1589 - Identification of new prognostic factors in phase I patients treated by immunotherapy


10 Oct 2016


Poster display


Frédéric Bigot


Annals of Oncology (2016) 27 (6): 114-135. 10.1093/annonc/mdw368


F. Bigot1, E. Castanon Alvarez1, A. Hollebecque1, A. Carmona2, S. Postel-Vinay1, E. Angevin1, J. Armand1, V. Ribrag1, S. Aspeslagh1, A. Varga1, R. Bahleda1, A. Gazzah1, C. Bonnet1, J. Michot1, A. Marabelle1, J. Soria1, C. Massard1

Author affiliations

  • 1 Department Of Medicine Ditep, Institut Gustave Roussy, 94805 - Villejuif/FR
  • 2 Medical Oncology, Hospital Universitario Morales Meseguer, Murcia/ES


Abstract 1589


Evaluation of patient's life expectancy is crucial to select patient who may benefit from phase I studies. The Royal Marsden Hospital score (RMH) established a prognostic tool validated in prospective studies and based on 3 objectives variables: number of metastatic sites, LDH and serum albumin. Nevertheless, it remains unclear if those factors could be extended to immunotherapy phase I trials.


A retrospective analysis of risk factors of early death for patients enrolled into immune checkpoint inhibitor phase I trials in our institution was conducted. Demographic and biological characteristics (age, gender, number of metastatic site, LDH, albumin, neutrophil count, lymphocyte count, neutrophil-to-lymphocyte ratio, hemoglobin, platelet count) were analyzed with univariate and multivariable analysis for overall survival.


155 patients (Male: 83; Median age was 59 (22-88)) treated with an experimental immunotherapy between March 2012 and January 2016 were analyzed. The most frequent tumor types were non-small cell lung cancer (16.7%), head and neck cancer (12.2%), urothelial cancer (10.3%), renal cancer (9%), breast cancer (7.7 %), cervical cancer (6.4%). In the multivariable model, Albumin (HR: 1.7; 95%CI 1.06-2.9) and LDH (HR: 1.9; 95%CI 1.2-3.2) remained statistical significant; nevertheless the number of metastases had no impact on the patients treated with immunotherapy (HR: 0.8; 95%CI 0.5-1.3). Interestingly, a higher neutrophil-to-lymphocyte ratio (NLR) was associated with a worse prognosis (HR = 1.8; 95%CI 1.1-3). We generated a new score with albumin (upper normal limit = +1) and NLR (>6 =+ 1). We performed a Harrell c-index for evaluating the suitability of this new score (c index = 0.70; 95%CI 0.64-0.77) which was slightly higher than the c-index for RMH score in our series (0.65; 95% CI 0.58-0.72).
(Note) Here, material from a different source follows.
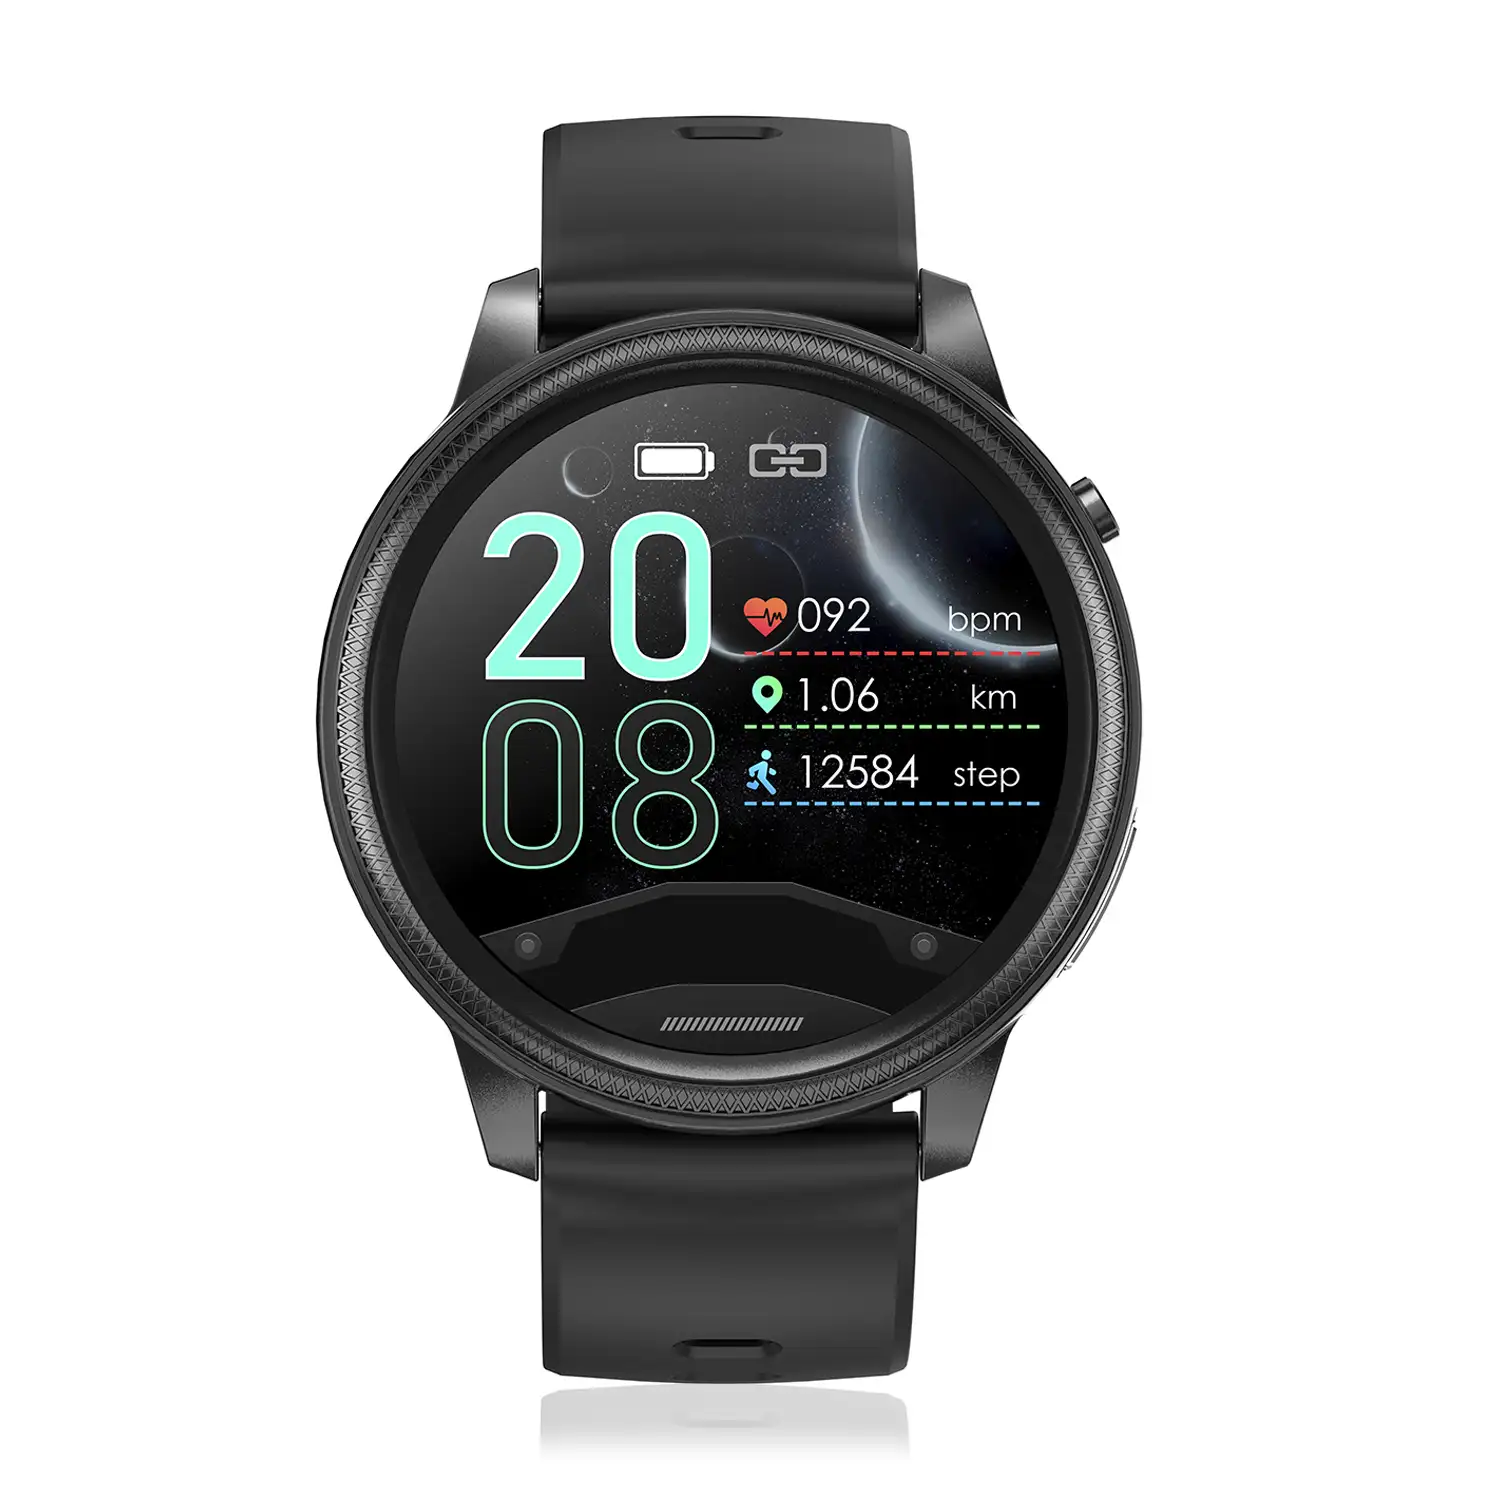 Smartwatch S31 con termómetro corporal, monitor de tensión y oxígeno en sangre. 7 modos deportivos. Notificaciones en pantalla.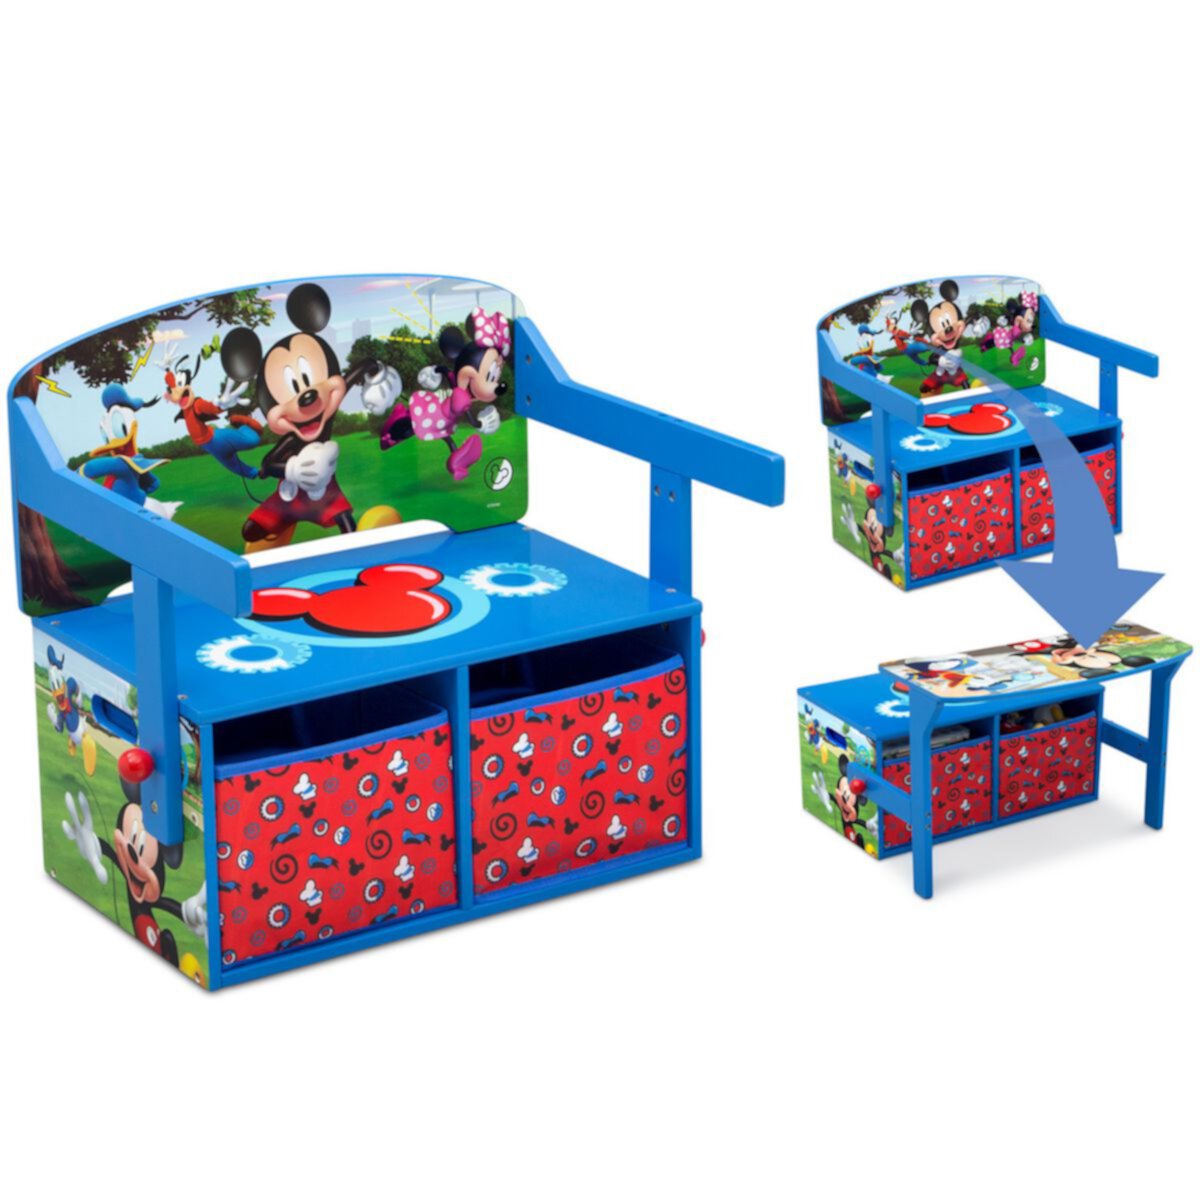 Трансформируемая скамейка для занятий с Микки Маусом Disney от Delta Children Delta Children

Our study points that the addition of NLR to classical prognostic variables such as albumin and LDH, may predict better the overall survival of patients that are treated with immunotherapy. The number of metastasis has no prognostic value in our series. Although this score needs an external validation, this is a valuable tool to make a better selection of patients for phase 1 immunotherapy trials.

Clinical trial identification

Legal entity responsible for the study

Christophe Massard


Institut Gustave Roussy


J-C. Soria: Personal fees AstraZeneca, Astex, Covagen, Clovis, GSK, Gammamabs, Lilly, MSD, Mission Therapeutics, Merus, Pfizer, Pierre Fabre, Roche-Genentech, Sanofi, Servier, Takeda. All other authors have declared no conflicts of interest.